Зато впервые с 95-го года она почувствовала себя человеком. Смотрела, как «эти ублюдки фашисты украинские страдают», как их там убивают бородатые ополченцы и плакала. Плакала от радости, как в детстве на парадах 9 мая. Сквозь слезы она часто повторяла: «Мы всех этих пидоров уебём на ***! Покажем им. И этих гадов америкосов сотрём. Это они всё сделали! Они!!! И Ваню они убили, суки ****ые. Теперь не только нам в говне жить! Тоже жрите, сволочи». Становилось легче. Не так гадко жить становилось.

Вера любила пить. Когда была молодой, ей нравилась легкость. Так проще было общаться с друзьями и незнакомыми людьми. Мать боялась, что дочка пойдет в отца, станет пьяницей. Но Вера всегда знала, что ей отвратительно похмелье и запойной она не будет.

Сейчас алкоголь вызывал в Вере сны. Добрые и тёплые, она смотрела их, как по телевизору, который благодаря Крыму и Путину, до сих пор не был продан.

Чаще всего, она видела, что ей 20 лет. Все суетятся. Перестройка. Кто-то говорит о новой жизни, а кто-то в ней уже разочаровался. Отец говорит, что коммунистов почти не осталось и что скоро «всё продадут на ***». Мать вздыхает, но не верит, что всё продадут. Говорит, что «хороших людей больше и всегда больше будет»...

Теперь середина 1989 года. Иван сидит с ней на лавочке. Май. Ночь. Везде темно, а над ними фонарь. Чуть сбоку, вдали красиво перемигиваются угольки фонарей промзоны. Работает третья смена, только заступили. Иван — инженер. Работает в первую в КБ, что в заводоуправлении «Первого предприятия». Там разрабатывают атомные корабли. Чуть поодаль в цехах, где потолки выше домов, у реки, эти корабли строят. «Третий завод», на том конце района, поставляет к ним оборудование. Что-то везут из других районов, которые считаются отдаленными. Почти всё сам делает город для «Первого» и «Второго заводов». Даже сталь плавят недалеко отсюда.

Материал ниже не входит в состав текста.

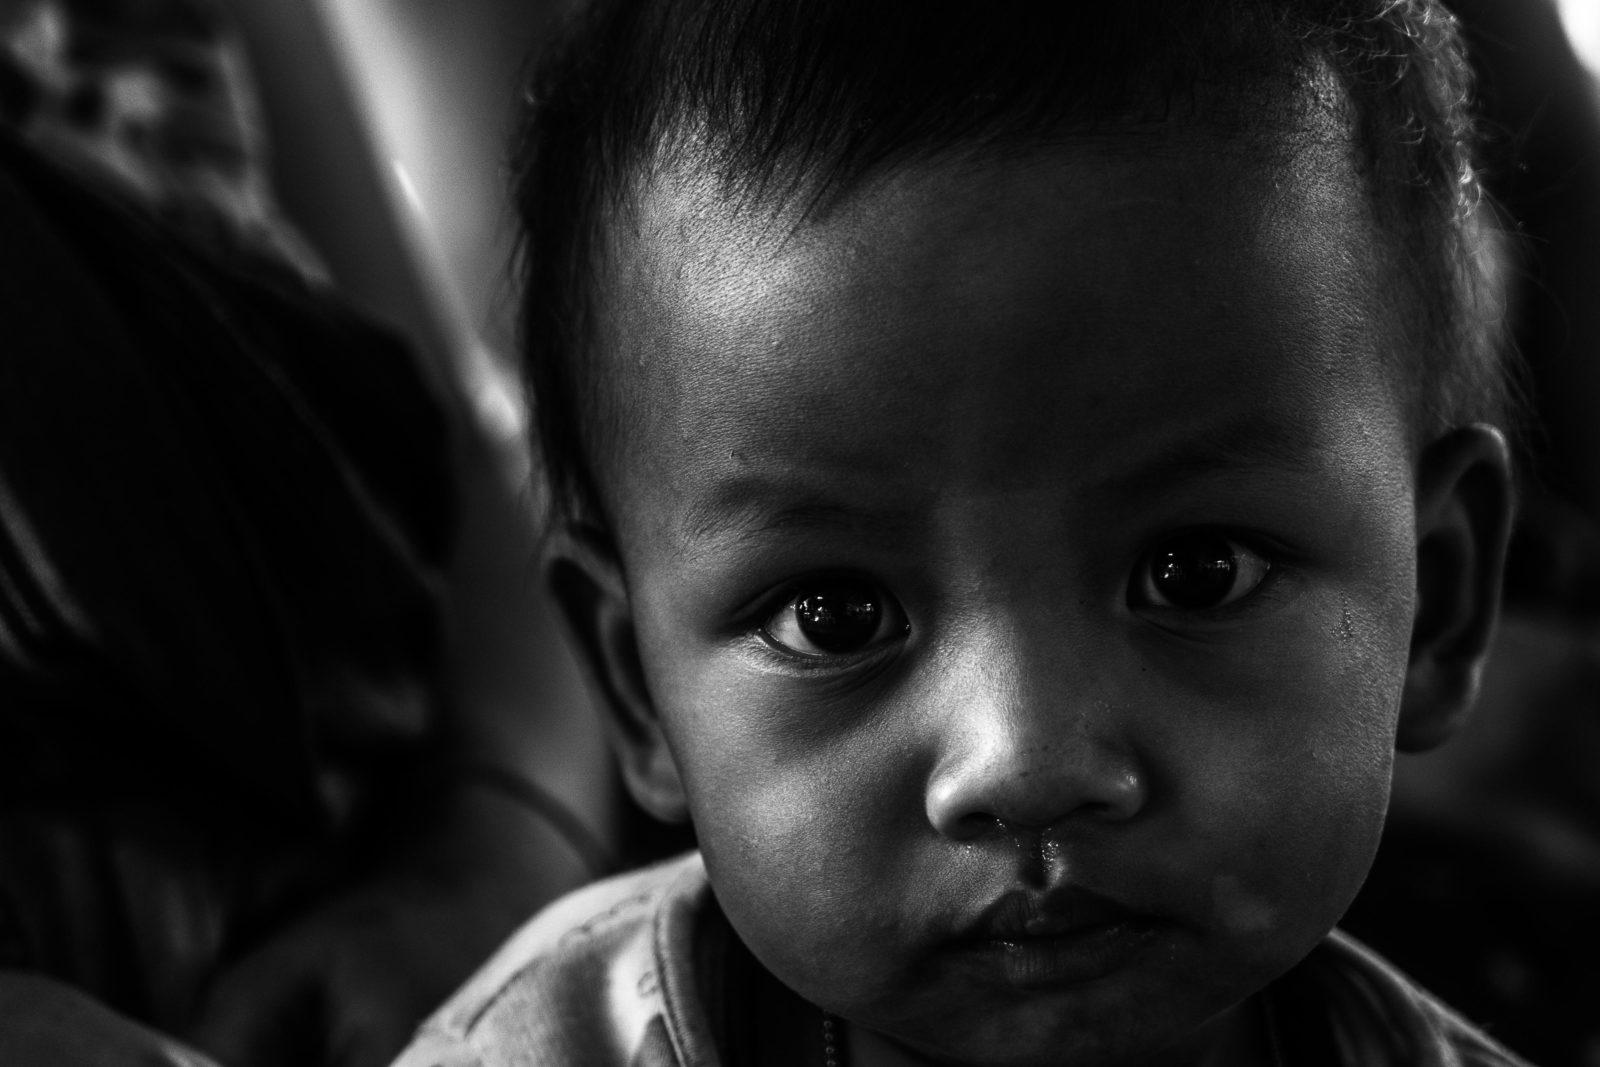 bambino karen in clinica

Иван держит её за руку. У него такие руки огромные и шероховатые почему-то. Как шлифовальный камень для ножиков. Только теплый и родной какой-то, свой камушек. Иванушка широкий, могучий, кудрявый. Нос ровный, как по линейке рисованный. Губы толстые мягкие, голос низкий и немного хриплый, потому что Ваня курит. Весь ладный Иван, зубы только заборчиком с щербиной посередине, зато улыбка красивая.

Он с ней разговаривает. Советуется. Говорит, что атомоходы станут не нужны скоро. Даром, что в цехах новый корабль строят. Не доделают. Видно, что волнуется, злится. Сердце у него колотится.  А Вере  хоть бы что. Да, хоть бы и война. Ей сейчас хорошо, с Иваном. Ну его, это будущее и эти корабли ей — тоже ну. Она выпила пива, ей тепло и весело. Уткнулась к Ивану в плечо, как в подушку и улыбается.

Иван говорит, что такой завод не умрет, будет производить другие вещи, от иголок и гвоздей до кастрюль и телефонных аппаратов. Может, даже и автомобилей. Ведь «люди-то какие! Мощности! Сколько эти заводы строили! Всей страной! На Западе и нету таких гигантов. Кроме того, санатории, котельные, садики — все на нём!». «Завод останется», повторяет Иван раз пятнадцать.

Но он, Иван, теперь точно уйдет. Сам. Выгнать его, конечно, не выгонят, он всё-таки инженер. Но переучиваться с кораблей на кастрюли ему не хочется. И пусть она, Верушка, не сомневается. Он заработает точно. «Не пропадем, - басит Иван, - Страна другой становится, и мы поменяемся, пойдем в коммерцию, кооператив будет, производство откроем. Сейчас, ведь, всем чем хочешь торговать разрешают».

А Вера и не волнуется. На улице жара, а она об него греется. Уютный у неё парень. Хороший. Настоящий. Конечно не пропадет она с ним.

Резкий визг, как свинью режут. Вера поднимает голову с Иванова плеча, открывает глаза...  Все кружится, тусклый свет расплывается по желтым обоям...запах браги, мочи и пота... грязно-коричневый пол... Тошнит. Боль в висках. Нет ни лета, ни Вани... только хрущёба-сука...

- Все недовольны... Вот, ведь, суки! В школе! В институте! Дома! Мама! Отец!.. Отец-то чего? Пьяница! Почетный токарь? Да! Говорил, что запил, как завода не стало. Как же! Жрал, как тварь с самого детства. Мать за косы таскал, в грудь ногами пинал, сволочь...сука! Гад!.. Всем я не так. Отец пил и я пью! Училась плохо?.. На завод не пошла?.. Друзья оборванцы? И чего? Как хочу, так и... ****ы на *** сука вот вам... На *** вас! Хуй бля... - Скороговоркой завизжала Вера.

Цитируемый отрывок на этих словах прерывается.